YOUR TASK => A verbatim copy of the listing is needed; pictures are to be left out.

COLLECTED MATERIAL =>
################

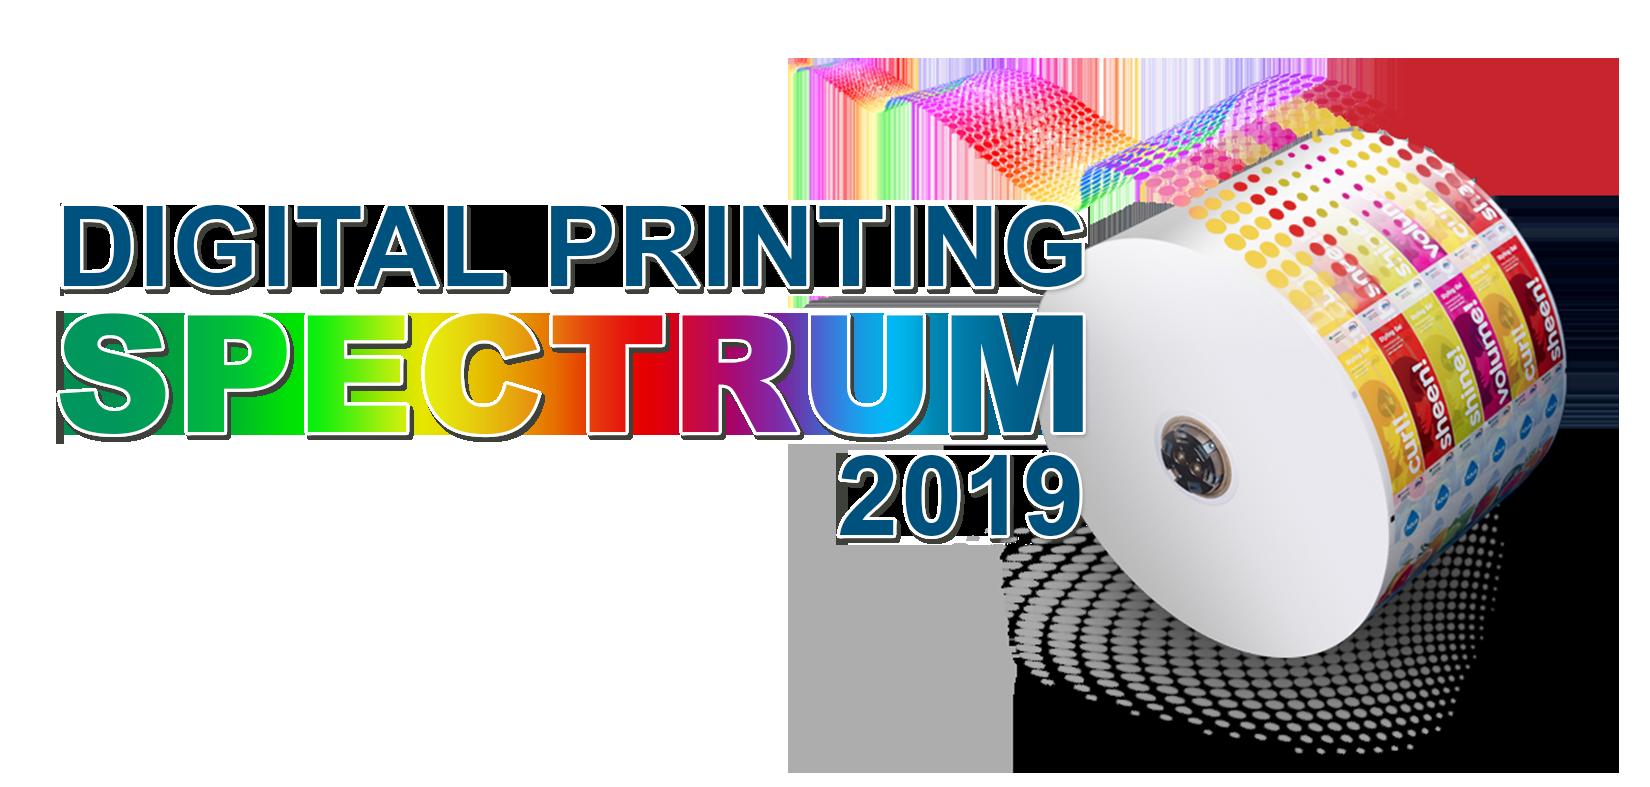 Domino Digital Printing Spectrum 2019
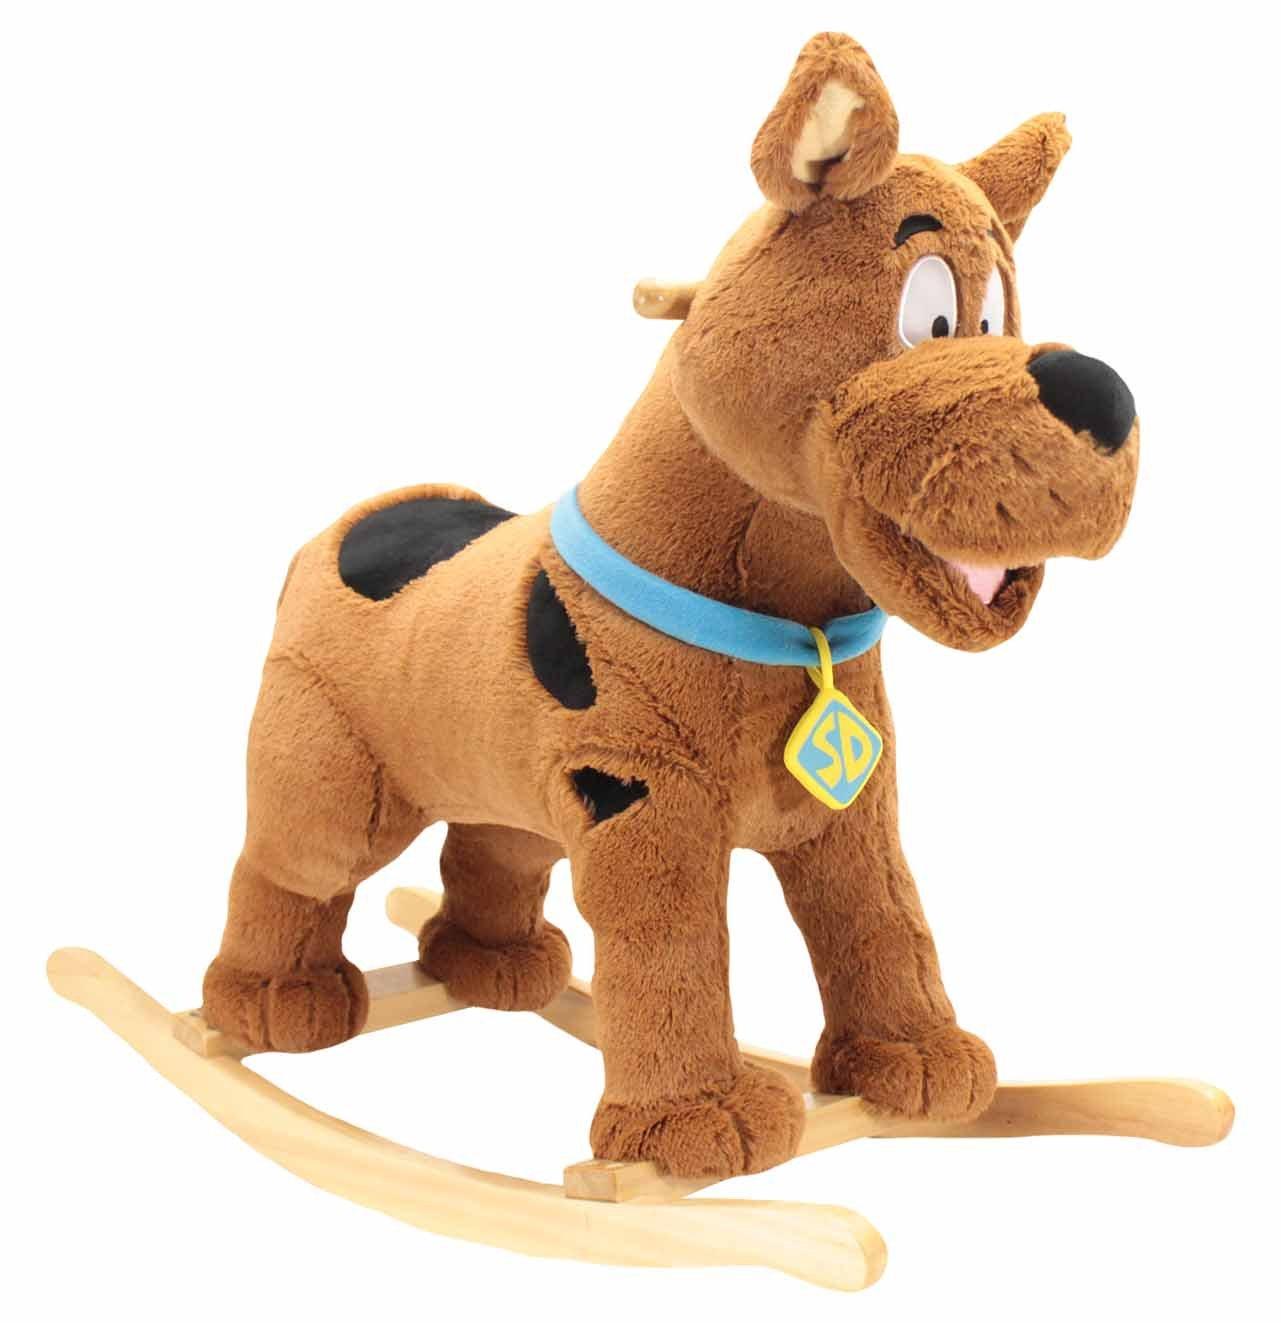 Animal Adventure Warner Brother's Scooby Doo Rocker Ride-on, Brown, 28'' x 12'' x 22''
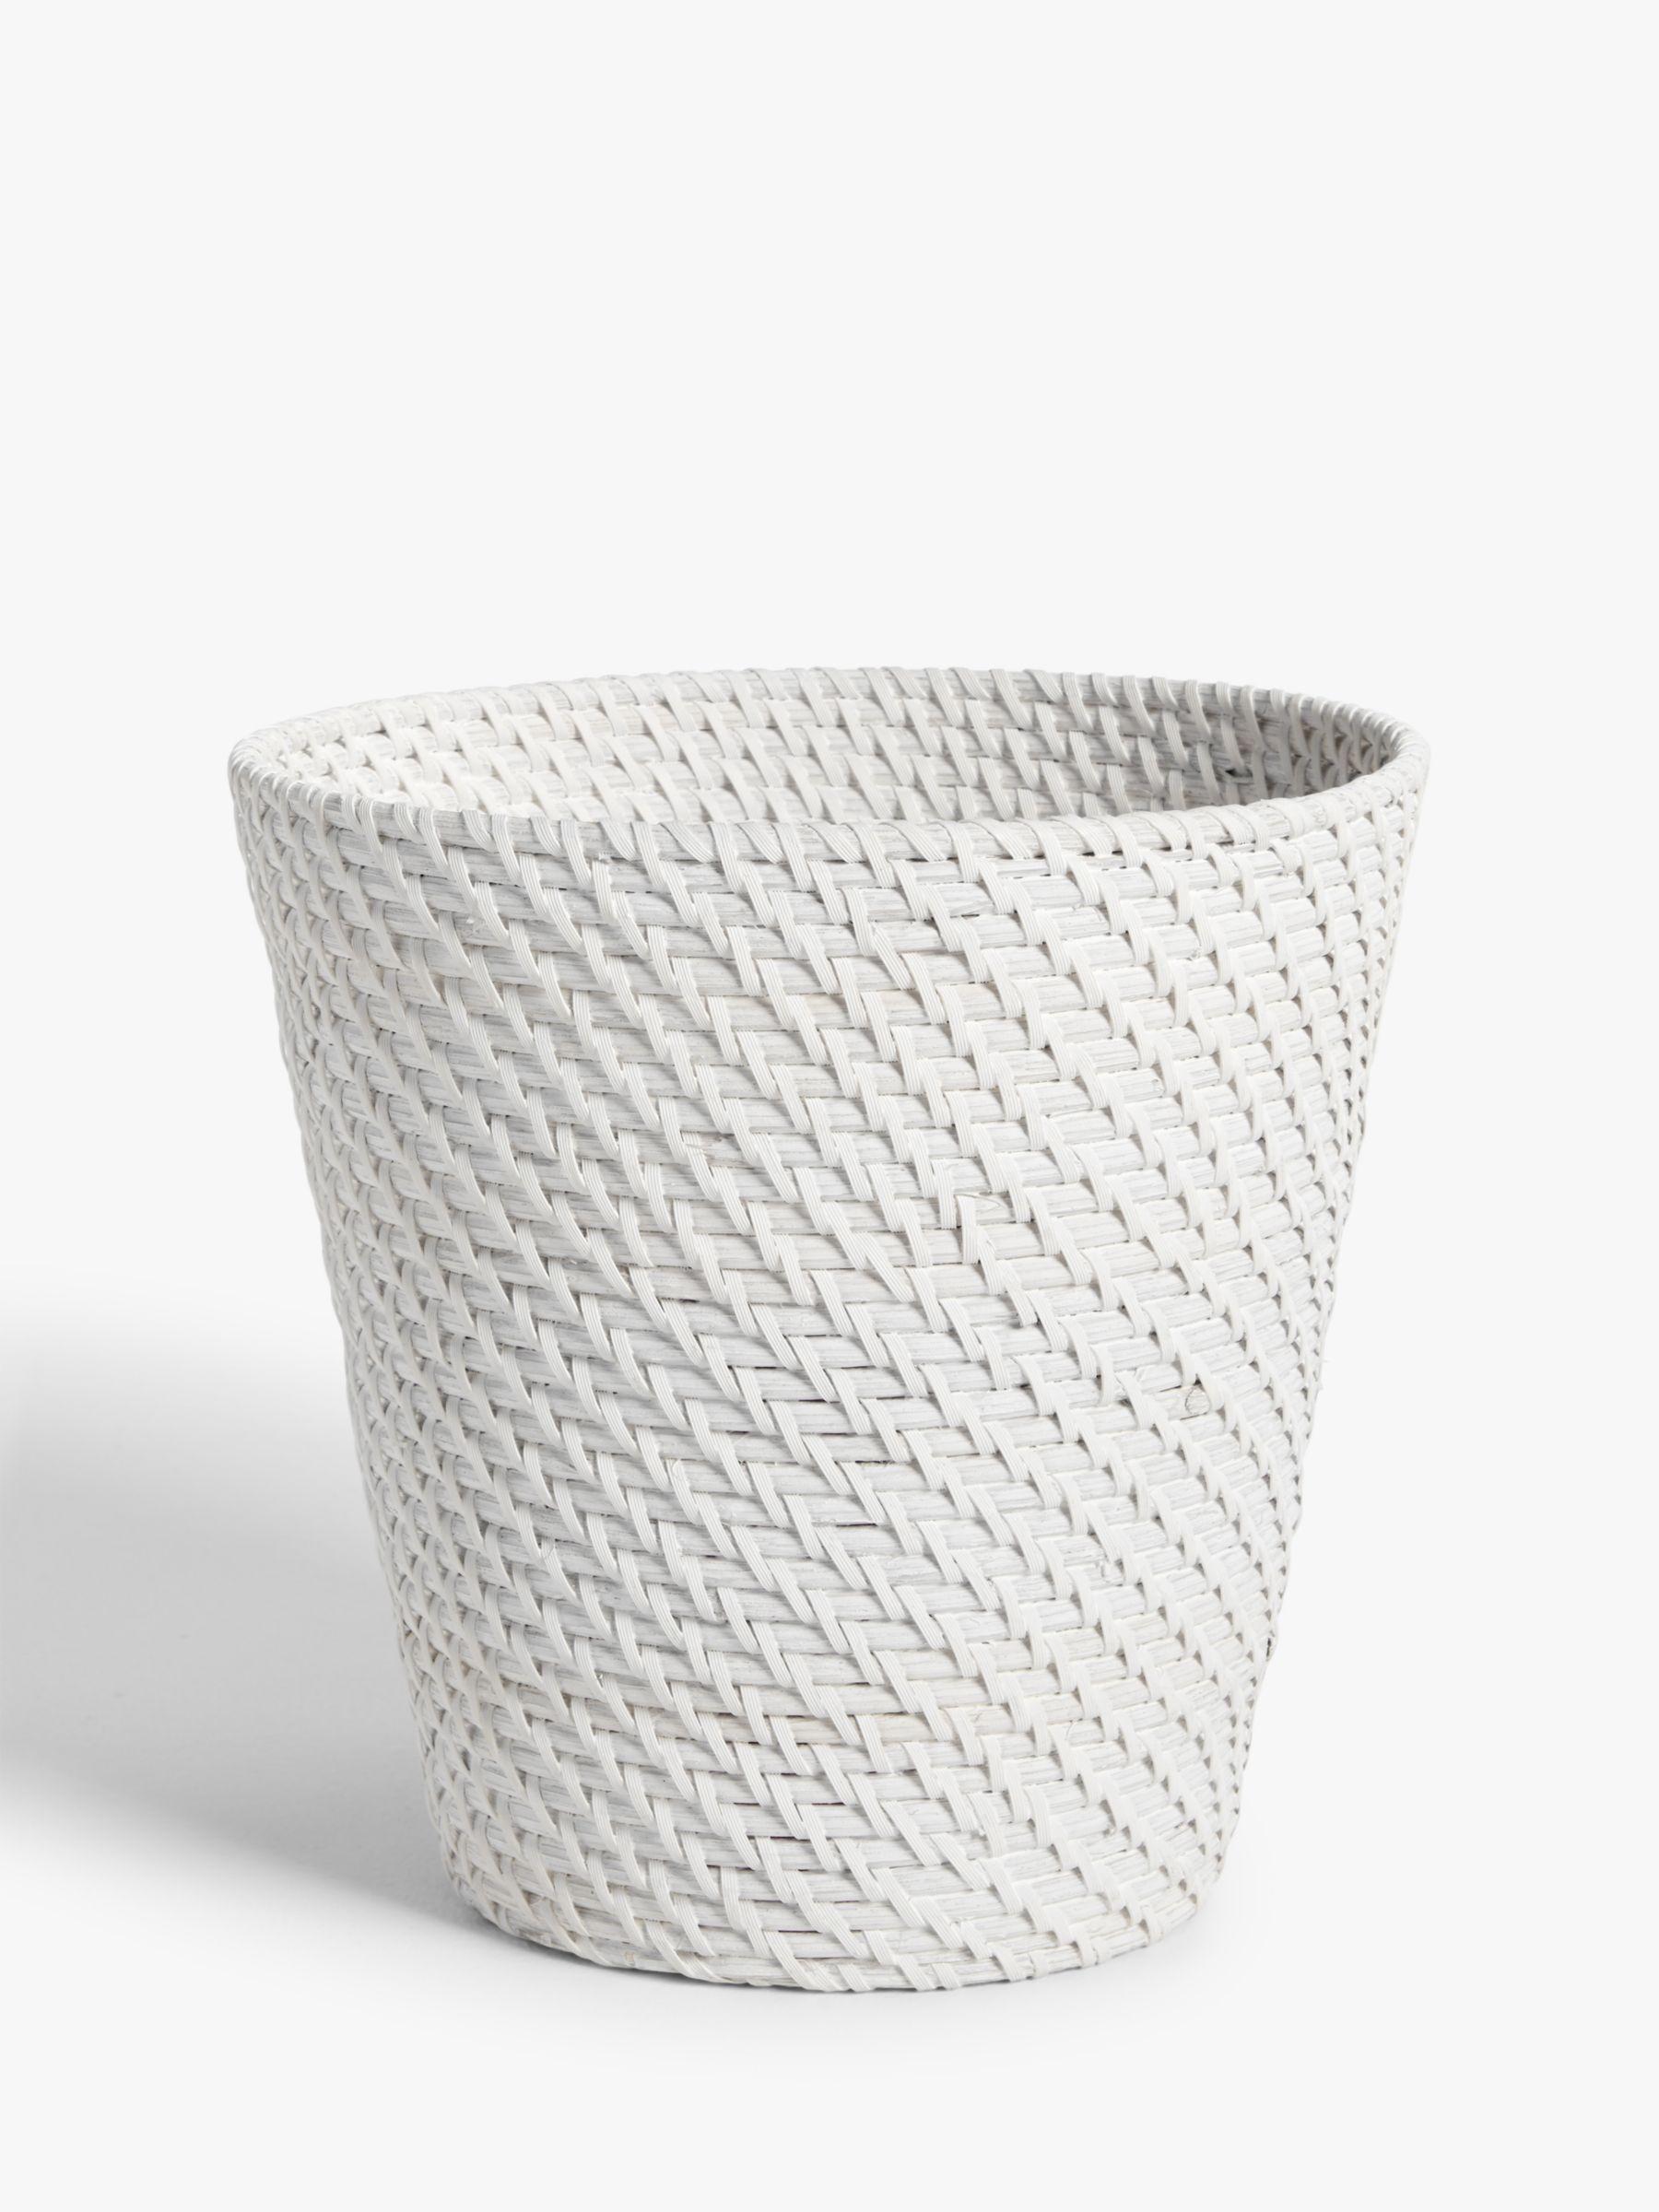 John Lewis & Partners Modern Country Rattan Waste Paper Bin, White
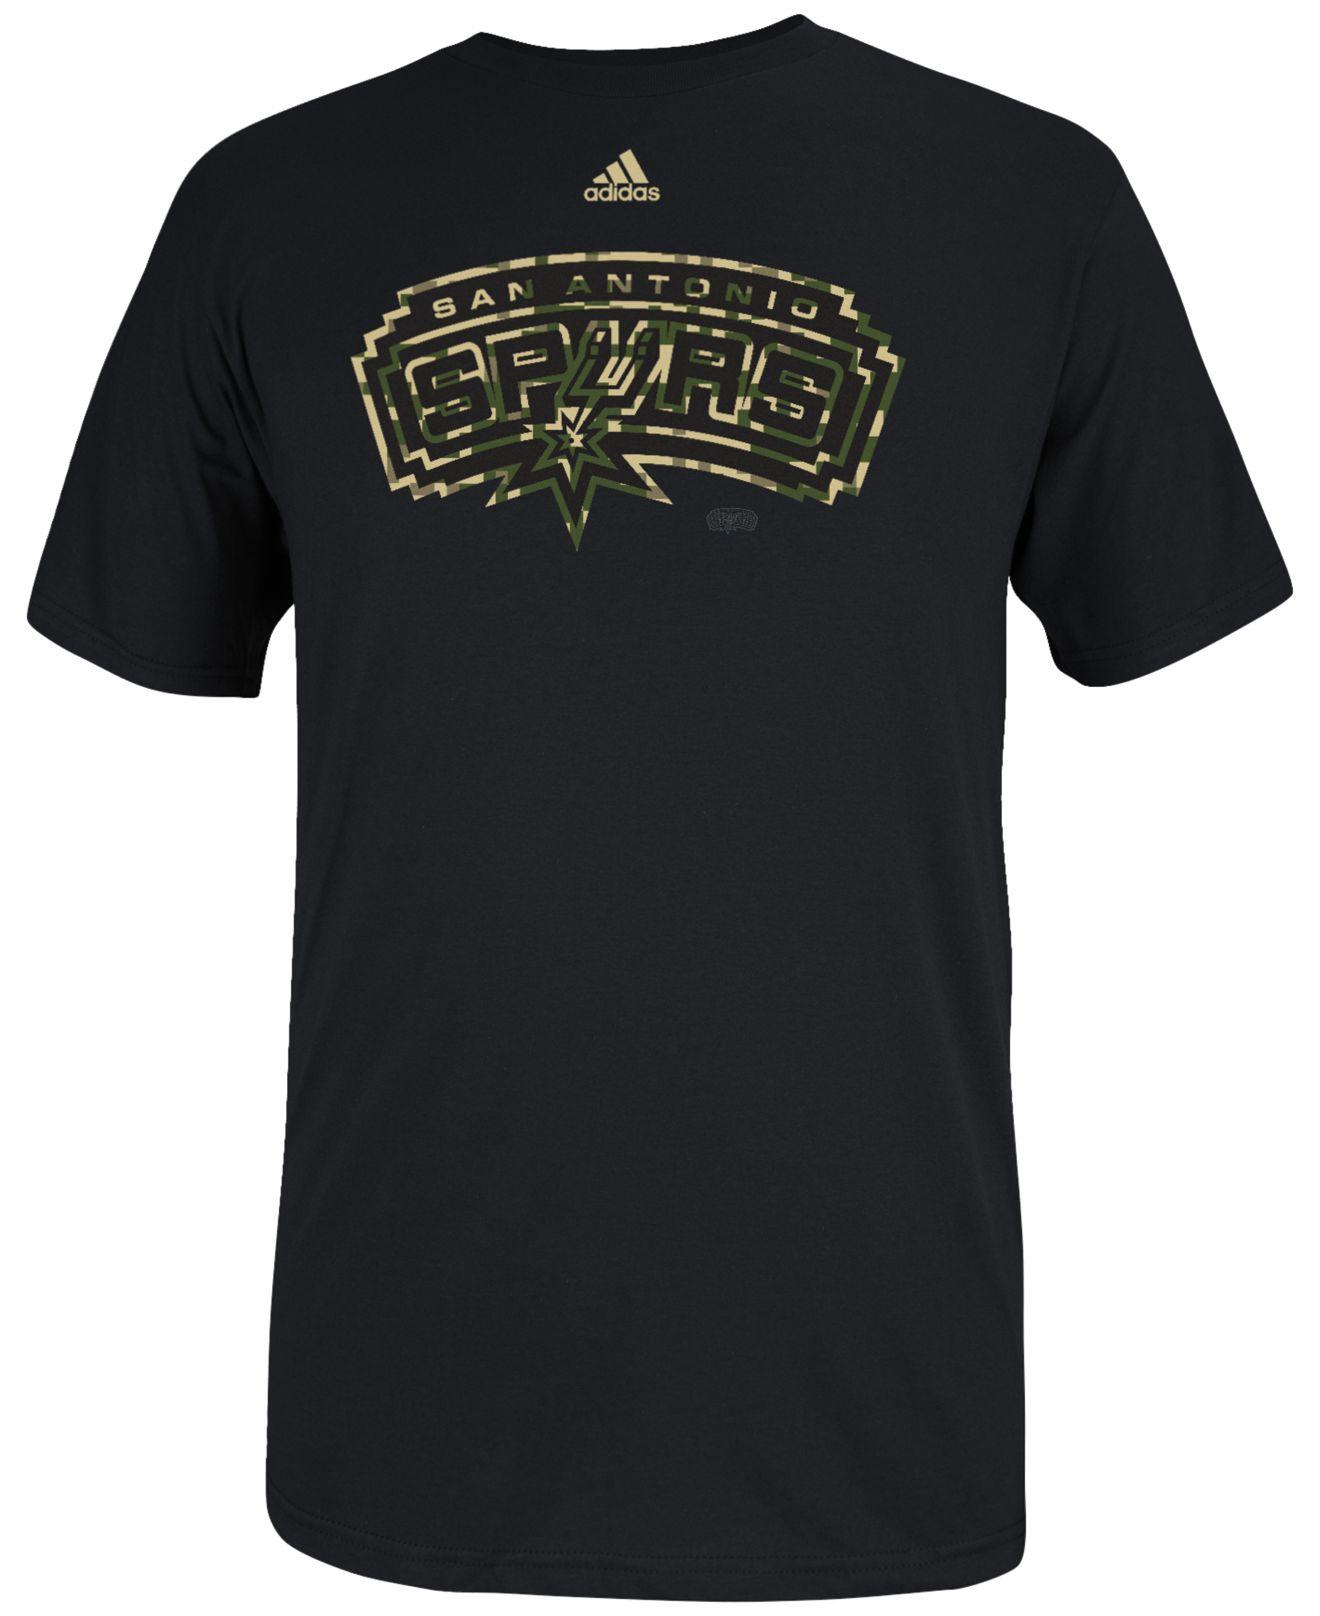 Adidas originals men 39 s san antonio spurs pride logo t for Screen print shirts san antonio

################

SOLUTION TO THIS TASK =>
 Domino Digital Printing Spectrum 2019
 Animal Adventure Warner Brother's Scooby Doo Rocker Ride-on, Brown, 28'' x 12'' x 22''
 John Lewis & Partners Modern Country Rattan Waste Paper Bin, White
 Adidas originals men 39 s san antonio spurs pride logo t for Screen print shirts san antonio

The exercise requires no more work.